Here's an inconvenient truth about the Kaitlyn Hunt case — the one in Florida where an 18-year-old faces a "lewd and lascivious battery" felony charge for having had a consensual sexual relationship with her 14-year-old girlfriend. Note that it's also routine for 18-year-olds to be charged with "L&L" for having heterosexual sex with their 14-year-old partners in Florida and across the United States, usually at the bequest of the younger person's angry parents, as happened in the Hunt case. And have their lives ruined, as Kaitlyn's appears about to be, by pleading out to theoretically "lesser" felony charges.
My first thought when I heard about the case was that it was too ridiculous to move forward in the courts, or that Kaitlyn's legal prospects couldn't possibly be as grim as her supporters made them out to be. After all, the sex was consensual. Everyone knows that high school seniors and freshman date. And really, who destroys a teenager's dream of becoming a nurse or teacher or business owner, let alone puts them on a sex offender's registry, for going out with a former classmate and high school basketball teammate? Wasn't this the kind of thing that the parents of the younger woman would drop the moment they realized that everyone was looking at them like aliens from the Planet Homophobe for going on the rampage just because their daughter likes girls in 2013?
But I was wrong. Really wrong. Kaitlyn's now ensnared in the Florida criminal justice system. And like many other 18-year-olds before her, gay and straight, she faces the same possibilities for truly deep and scarring harm.
Bruce Colton, the State Attorney for Indian River County in Florida, says that if she pleads out to the lesser felony charge of "child abuse" that he's offered, he'll recommend that she serve two years under house arrest and one year probation, and she'll be spared registering as a sex offender. As attorney Jason Cobb says:
"True, the state can offer her that plea. And if the judge withholds adjudication of guilt, she technically won't be a convicted felon. But the felony arrest for lewd and lascivious conduct and her 'no contest' plea to the lesser included offense of child abuse will always show up on any standard basic criminal background check."
In short, if Kaitlyn takes the lesser plea, Florida's penal code mandates that she'll be stuck with a record that she can never have sealed or expunged, one that could scuttle her dreams every time an employer or educational institution does a background check.

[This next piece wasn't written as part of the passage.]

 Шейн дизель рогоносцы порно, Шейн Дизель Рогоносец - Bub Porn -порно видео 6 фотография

It's almost impossible to imagine that Kaitlyn's lawyer will let her go to trial. Because it doesn't matter what all of Kaitlyn's hundreds of thousands of supporters on Twitter or Facebook or Change.org think in criminal court. Kaitlyn would almost inevitably be convicted, given that she's already admitted to having sexual relations with her girlfriend, and could face up to nine years in prison. That plus a place on the sex offender registry, a true "future killer".
That's the phrase Cobb uses, and he should know: he's one of Florida's leading attorney when it comes to getting his clients, male and female, taken off of the Florida sex offender registry under the terms of the state's 2007 "Romeo and Juliet" statute – so-called because it refers to cases of consensual sex between a minor and someone within four years of their age who has no prior criminal record. Of the 241 names that have been removed in the past six years, Cobb has represented 40. And of those cases, he said, "70% involve 18-year-olds who have had sex with 14-or 15-year-olds".

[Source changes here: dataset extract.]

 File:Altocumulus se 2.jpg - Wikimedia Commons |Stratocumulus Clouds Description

The only chance that all of this will go away entirely, leaving Kaitlyn with a clean record, is if Colton drops all charges. And the chances of Colton, an elected official, doing that are virtually nil. Not with Kaitlyn's admission of guilt and the younger girlfriend's parents adamant that Kaitlyn "be held responsible in some way".
Beneath this tragedy is a structural flaw. As Laura Lindberg, a senior research associate for the Guttmacher Institute said:
"My heart goes out to any High School principal trying to monitor or even educate their students about this issue. Because we're partly responsible for this: when we put students ages 14 to 18 together in the same educational setting, it's short sighted of us to be shocked by the outcome. What's legal in the fall, when you're 17-years-old may not be legal in the spring when you turn 18."
The story of Kaitlyn Hunt and other young people like her is a story about the utter inability of this country's adults to come to grips with adolescent sexuality in ways that do something other than criminalize it. And how utterly shortchanged our youth are by our failure.